10 Ways You Look Like A Chess Newbie

So you think you’re a cool chess dude, but is it obvious to everyone else that you’re a chess newbie? Here are 10 pitfalls you need to avoid to help you shed the newbie tag!

1. You don’t know all the rules

Yes, I’m serious. Who taught you to play chess? Your father? A friend? A slightly crazy uncle? The chances are they taught you how the pieces move, how to checkmate, and that was all.  

There are a huge number of newbies who have never heard of the en passant rule, and are blissfully unaware of the finer points of the rules about castling.

Not knowing the rules, and - even worse - criticising others when it’s actually you who is mistaken, is the biggest sign that you’re a newbie.

Visit this link to brush up on the facts!

2. You think all draws are boring

“Boring!”, screams the newbie after a hard-fought game lasting several hours ends in a fair draw.  A draw is a perfectly valid outcome of a chess game, and doesn’t mean that the players weren’t trying. The stronger the players, the more common are draws because those titled folk really know what they’re doing and are hard to beat!

Some games are boring, but judge each one by the quality of the play, not the end result!

3. You’ve never read a chess book

There is a truly enormous wealth of literature about chess, and you’ve never read any of it? There are countless books on chess openings, middlegames, endgames, tactics, strategy, biographies and game collections.

We may be living in an age of online opening databases, and have GM strength chess engines available to buy for under £50, but chess books are important learning materials.  Plus, having a shelf full of chess books is the ultimate in geek interior decor!

Try some of the books recommended here for a start.

4. You don’t play any long time-control games. Ever.

Blitz chess is great fun and very addictive. Rapid chess is cool as well, and allows a bit more time for strategic thinking. But unless you play some chess at standard (long) time controls then you’re never going to deepen your understanding of the game.

As for bullet chess (all moves in 1 minute), it’s the crystal meth of the chess world. Go ahead if you enjoy it, but don’t pretend you’re doing anything other than sharpening your reflexes!  A steady diet of nothing but bullet and blitz chess will make your chess thinking as shallow as a paddling pool.

5. You bad-mouth Grandmasters

“Ha-ha, what a loser!”. “Grandmaster Z is such an idiot!”. “I could beat Grandmaster Y with my eyes closed!”

Becoming a Grandmaster is extraordinarily difficult.  Every player that has earned the right to put the capital letters GM before their name is part of an elite group that 99.99% of us can only dream of belonging to.  

But we’re all human, so when a Grandmaster slips up it shows us how difficult our wonderful game of chess really is. One terrible move doesn’t make a great player a bad one.

If you ever had the good fortune to play a Grandmaster, they could crush you like a bug. Show some respect!

6. You know nothing about chess news or chess history.

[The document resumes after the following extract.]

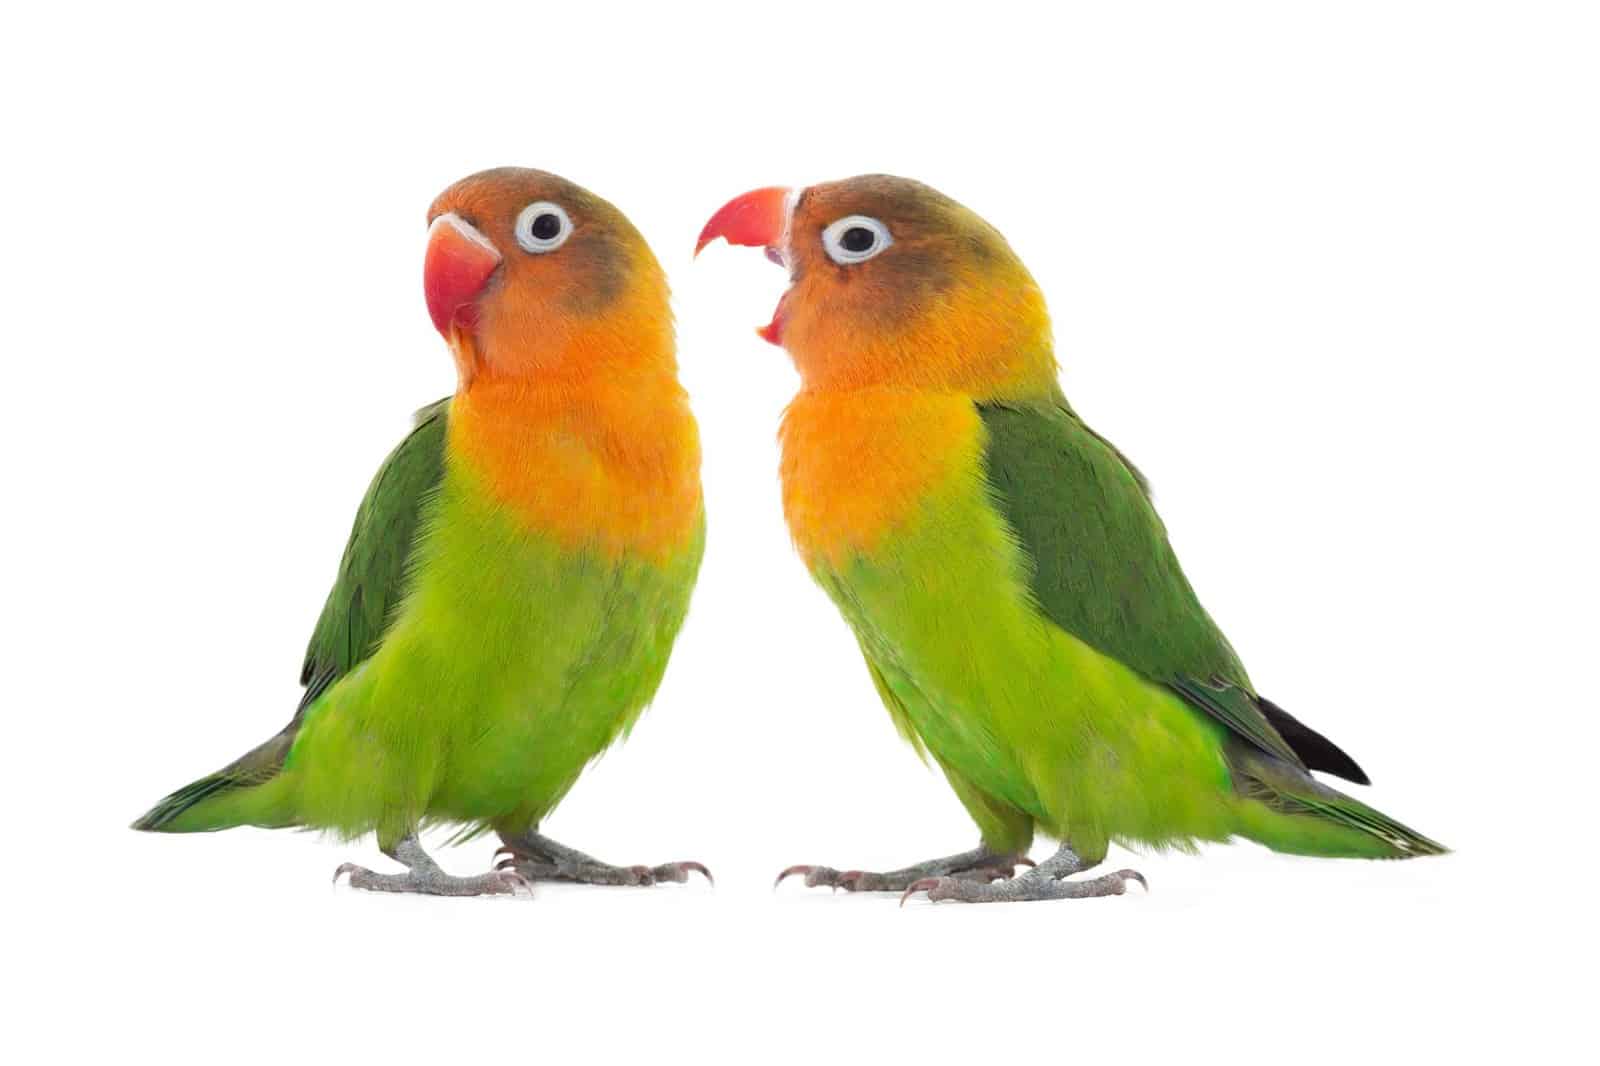 The Different Lovebird Colors explained at petrestart.com.

Imagine an amateur tennis player who had never heard of Bjorn Borg. What about a local league soccer player who didn’t recognize a picture of Pele?

As an amateur chess player, do you know who these great players are?

Chess has an amazingly rich history, and games from the great matches and tournaments of the past are freely available.  If you can count the names of famous historical chess players you know on the fingers of one hand, and have no idea what is going in the current world of chess, then you are missing out on a massive amount of chess culture and marking yourself out as a newbie.

7. You never resign

Don’t be ridiculous. If you are losing a chess game there comes a point when your position is so hopeless that resigning is a sensible and courteous decision.  Judging when to resign comes with experience, but it’s an essential part of the game.

8. You complain about your opponent not resigning

The opposite of #7, this character takes any opponent’s refusal to resign as an affront to all that is decent and right in the world. If you are easily winning a chess game, then just enjoy yourself! Your opponent is prolonging their own agony and will lose eventually.  Let their refusal to resign be grist to your mill!

9.  You don’t own a chess set

You might play most (and perhaps all) of your chess on the Internet, but real chess is played in the flesh, with a board and pieces. You can see the whites of your opponent’s eyes and sense their excitement or fear as the game unfolds.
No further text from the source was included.